A novel technological approach facilitates the protection of intelligent IoT devices utilized in various healthcare applications. However, this also increases the risks of potential DDoS cyberattacks, which pose extremely critical threats to the infrastructures we protect. While deep learning (DL)-based intrusion detection techniques have demonstrated commendable accuracy in learning to classify such threats, the efficiency of the techniques remains an issue for cyber security practitioners, primarily due to opacity in the algorithms employed. To alleviate such concerns, this research proposes a hybrid CNN-LSTM architecture for the detection of DDoS attacks on WSN-IoT-based healthcare systems.

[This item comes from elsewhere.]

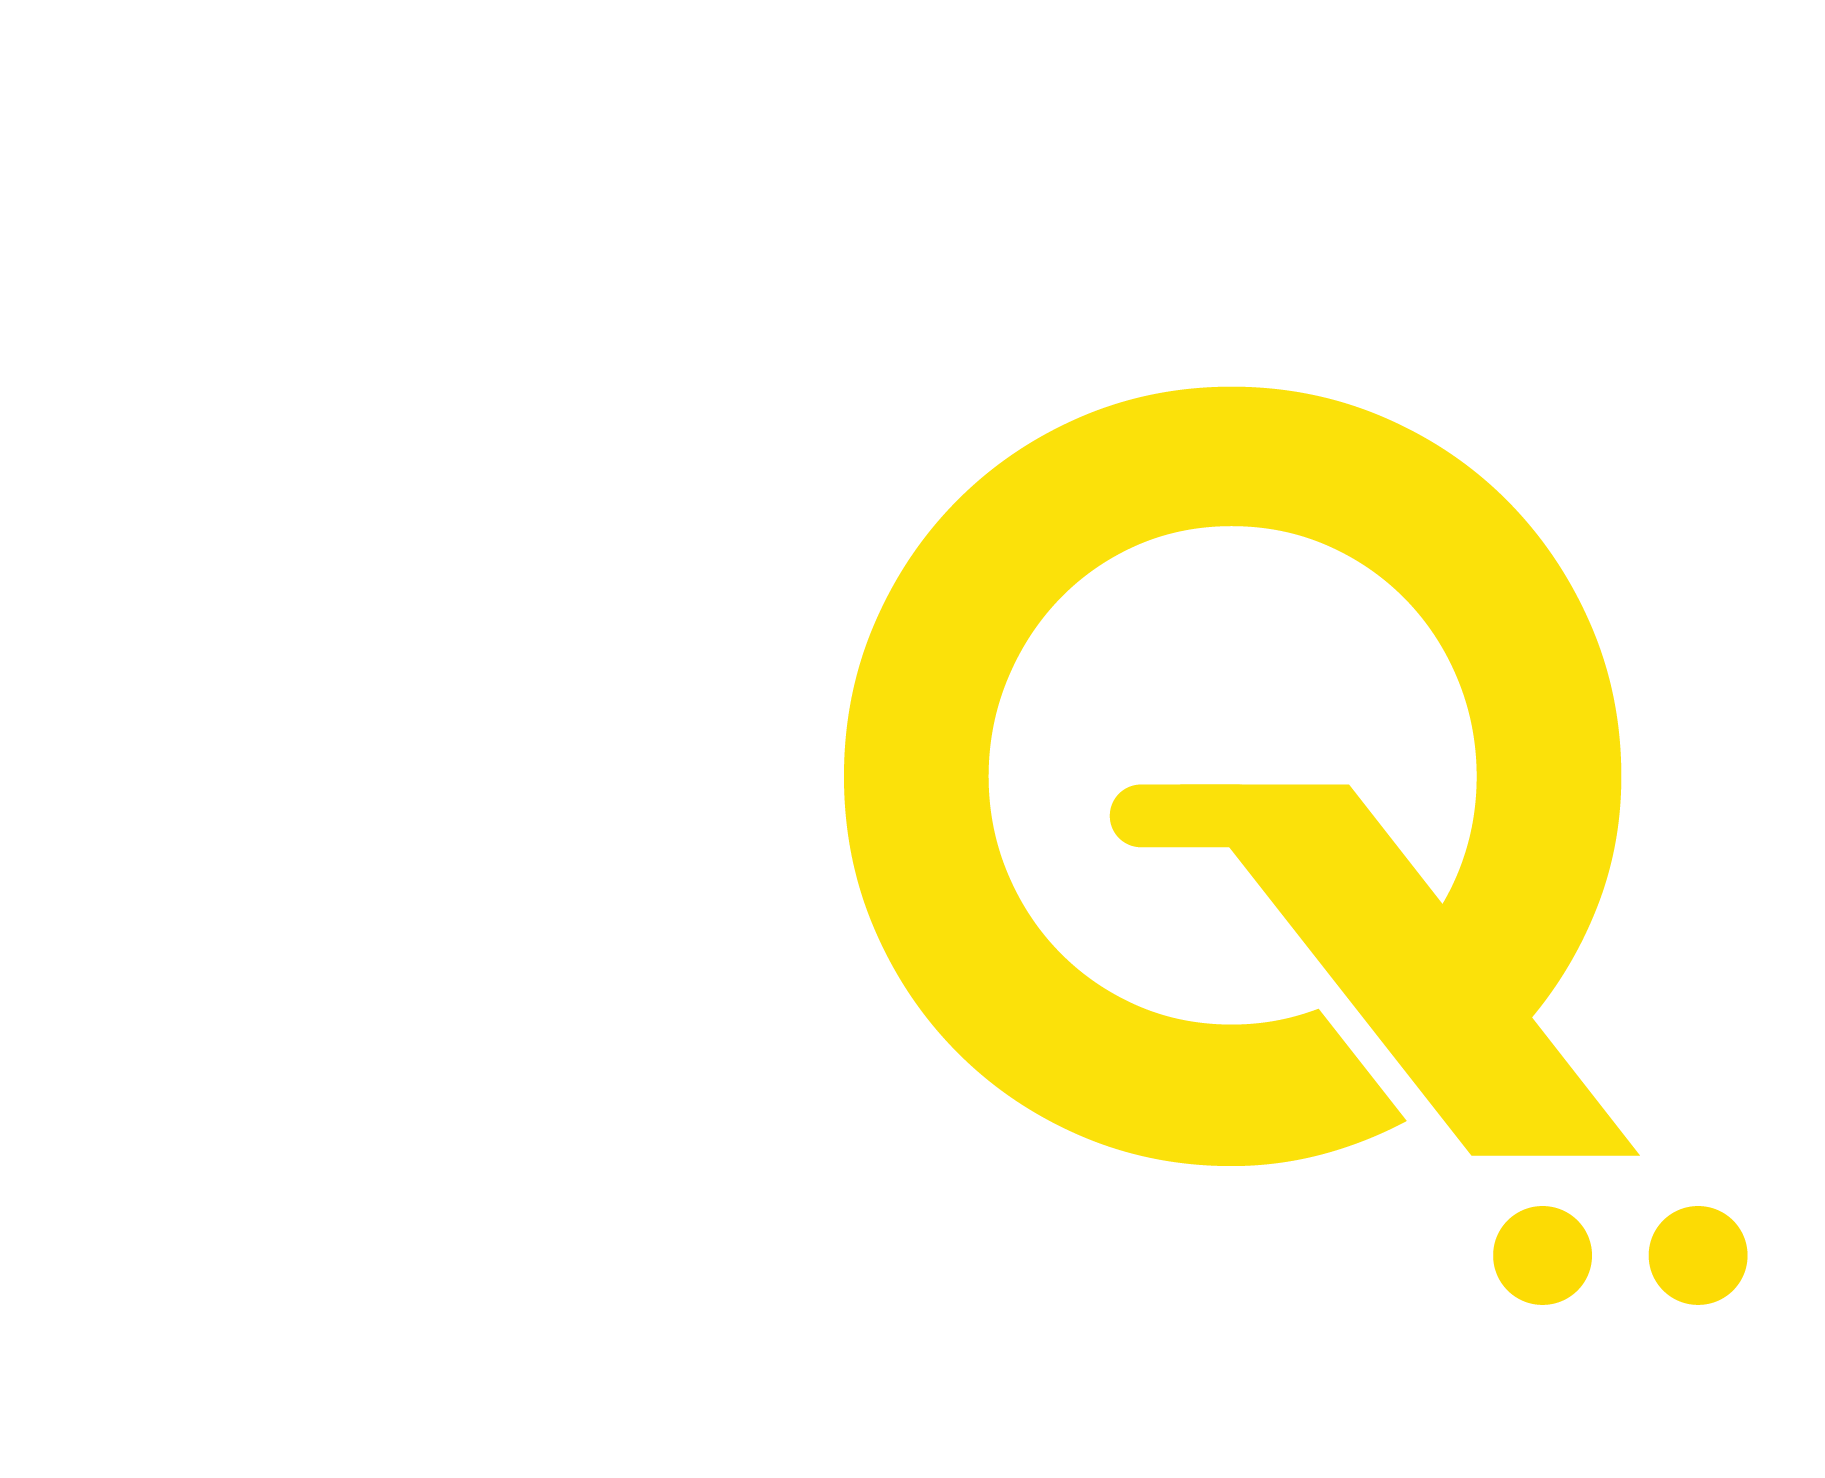 DQcart
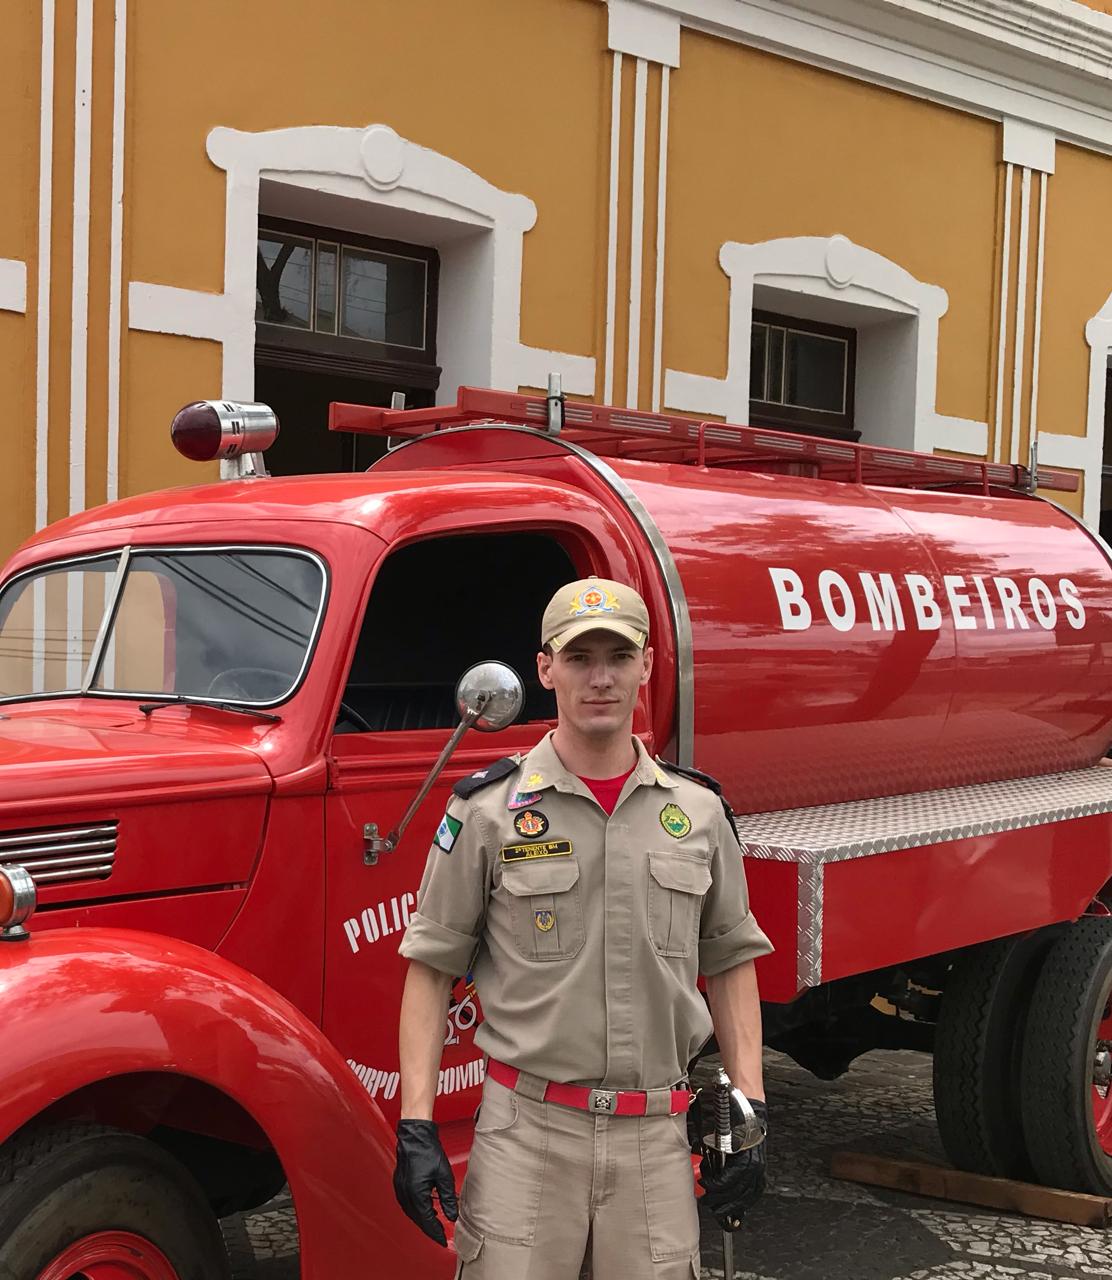  ﻿A﻿s﻿s﻿e﻿m﻿b﻿l﻿e﻿i﻿a﻿ ﻿L﻿e﻿g﻿i﻿s﻿l﻿a﻿t﻿i﻿v﻿a﻿ ﻿h﻿o﻿m﻿e﻿n﻿a﻿g﻿e﻿i﻿a﻿ ﻿b﻿o﻿m﻿b﻿e﻿i﻿r﻿o﻿ ﻿d﻿e﻿ ﻿f﻿o﻿l﻿g﻿a﻿ ﻿q﻿u﻿e﻿ ﻿m﻿e﻿s﻿m﻿o﻿ ﻿s﻿e﻿m﻿ ﻿e﻿q﻿u﻿i﻿p﻿a﻿m﻿e﻿n﻿t﻿o﻿s﻿ ﻿r﻿e﻿a﻿l﻿i﻿z﻿o﻿u﻿ ﻿r﻿e﻿s﻿g﻿a﻿t﻿e﻿ ﻿e﻿m﻿ ﻿r﻿i﻿o﻿ ﻿e﻿m﻿ ﻿P﻿a﻿u﻿l﻿a﻿ ﻿F﻿r﻿e﻿i﻿t﻿a﻿s﻿

The growing impacts of network security threats have been countered effectively by DDoS attacks. The hybrid model was also evaluated against the CICDDoS2019 dataset and demonstrated commendable efficiency with an accuracy of 99% and a loss of 0.05%. The capabilities of the individual CNN multitask and LSTM on IoT-enabled real world systems were validated and demonstrated the hybrid model to possess considerable additional potential for further applications due to the concurrent utilization of spatial and temporal DDoS attack detection. The DDoS attack prevention strategies clearly demonstrated potential to enhance the security of IoT networks.

Evaluations of the current systems will be performed primarily using the same logic that has already been described, e specially in terms of learning how to deal with the less common DDoS assaults. The power of the systems and the computing architecture that sustain the systems will also be directed to the issues of computing complexity in order to process the information quickly so that threats can be identified and the delays in the threat identification cycle eliminated. In addition to that already mentioned, evaluating the effectiveness of the system will provide the opportunity to model and analyze other parameters that will certainly influence the effectiveness of the system. For example, we could increase the volume of the managed flows in the network and increase the values of the parameters from the same network in real time.